Ramaekers et al. to our knowledge, has performed a systematic study on the predictive value of risk scores in UGIB patients [52]. That study concluded all UGIB patients in the emergency department and did not perform subgroup analysis in AVB and ANVUGIB. Besides, the CTP and MELD score were not involved. The review concluded that GBS with a pooled sensitivity of 0.99 and a specificity of 0.08 (cutoff score = 0) was superior to other risk scores for identifying low-risk UGIB patients accurately. What is more, according to both US and UK guidelines, a GBS of zero was recommended to be used to classify very low-risk AUGIB patients who can avoid admission [4,6]. However, in our meta-analysis, the results were different.

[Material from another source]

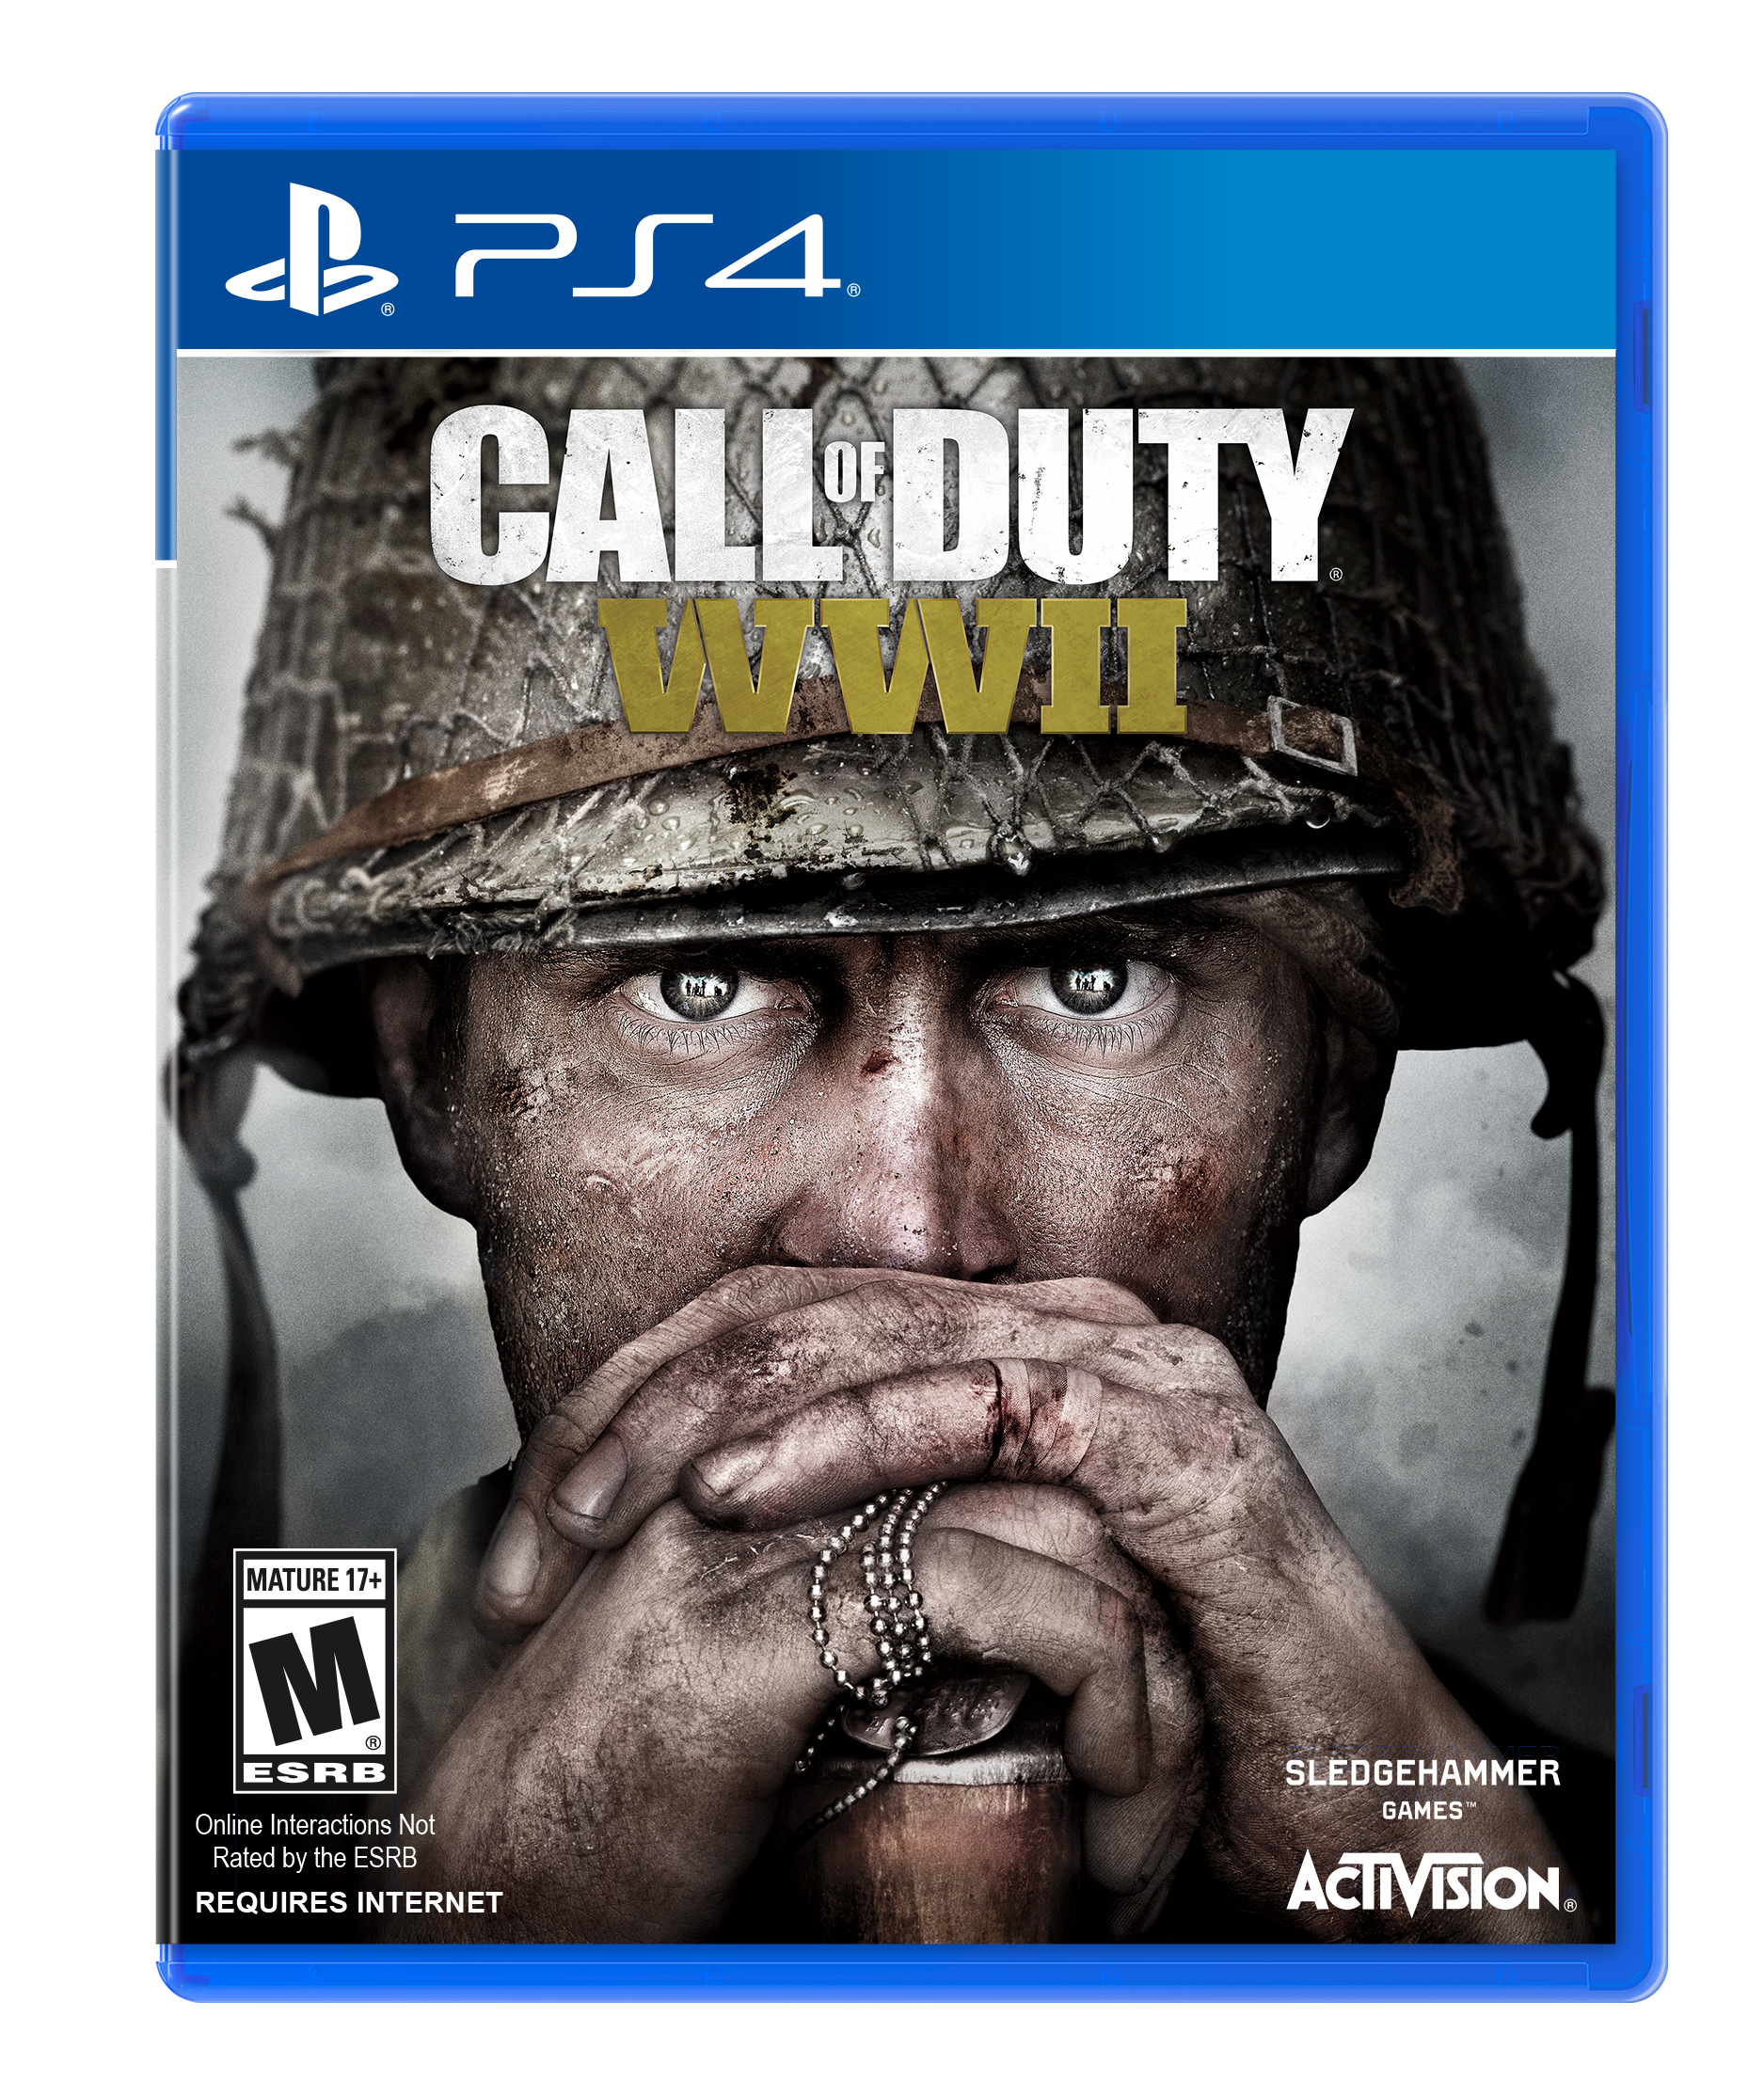 flyde Investere kranium Call of Duty: WWII - PlayStation 4 | PlayStation 4 | GameStop
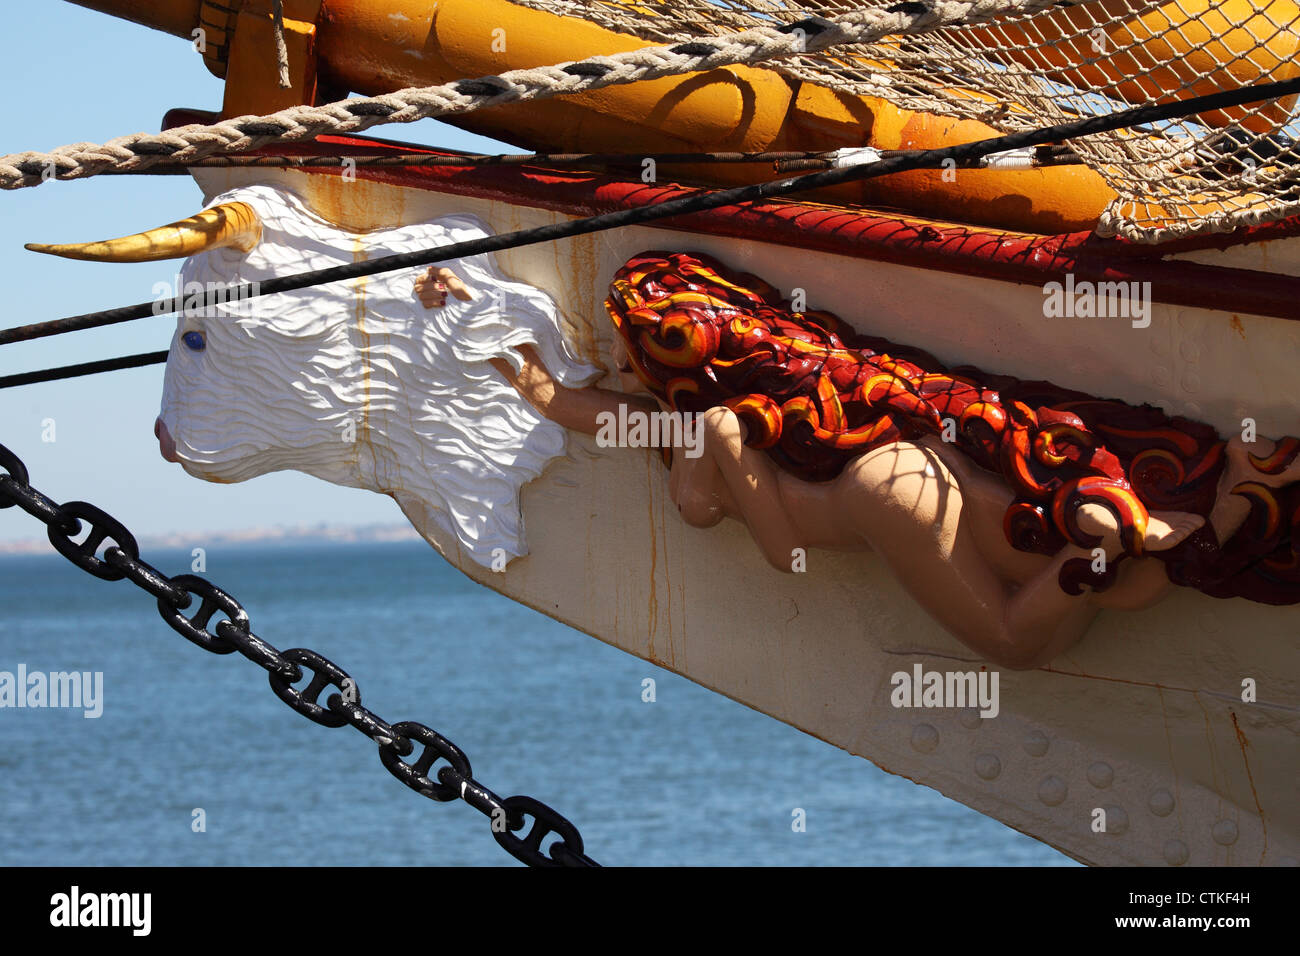 The figurehead of a tall ship. Figureheads were once seen on most sailing ships. Stock Photo

GBS showed low predictive power neither in mortality nor rebleeding with an AUC value no more than 0.7. Besides, with a pooled sensitivity of 0.783 and a specificity of 0.493 for overall mortality, GBS was not the best when compared to CTP with a pooled sensitivity of 0.848 and a specificity of 0.707. This indicated that GBS performed flawlessly, mainly in UGIB patients, especially in NVUGIB patients rather than AVB patients. However, only when the endoscopy has been completed would the causes of bleeding be known. The endoscopy is needed to achieve the highest accuracy resulting in GBS not being so favourable. Thus, if a patient is suspected of bleeding from varicose veins, it should be cautious when using GBS to identify low-risk patients. The CTP combined with GBS in risk stratification might be a safer but more complicated choice and needed further validation. Horibe M et al. developed a novel and simple scoring system, namely HARBINGER, to predict the outcomes for nonvariceal and variceal bleeding patients [53]. This study showed that the HARBINGER had greater accuracy than the GBS in predicting the urgency for an endoscopic intervention in all-cause UGIB patients (AUC, 0.74 vs. 0.63; p < .001). This simple score was further validated in a prospective multicentre Japanese setting involving 1486 patients. It showed that the new triage system set at one was proved accurate in ruling out the suspected UGIB patients with a sensitivity of 98.8% and specificity of 15.5% [54].

Conclusion

No risk scores were ideally identified by our systematic review (CTP, MELD, GBS, AMIS65, full Rockall and clinical Rockall). CTP was superior over other risk scores in identifying AVB patients at high risk of death in hospital and patients at low risk of death within follow-up. Guidelines have recommended the use of GBS to risk stratification of patients with upper gastrointestinal bleeding. However, when it is suspected that the cause of upper gastrointestinal bleeding is from oesophageal and gastric varices, extra care should be taken. Because in this meta-analysis, it was found that the ability of GBS in predicting the death and rebleeding of AVB patients was limited. More researches are needed to validate it in the future. Artificial intelligence might be an important direction for future development to help risk-stratify AVB patients.

Author contributions

HC conceived the study. LY, NW and RS performed the analysis. LY was a major contributor in writing the manuscript. All authors have read and approved the manuscript.

Disclosure statement

No benefits in any form have been received or will be obtained from a commercial party related directly or indirectly to the subject of this article.

Data availability statement

The study presents an analysis of data published in other studies.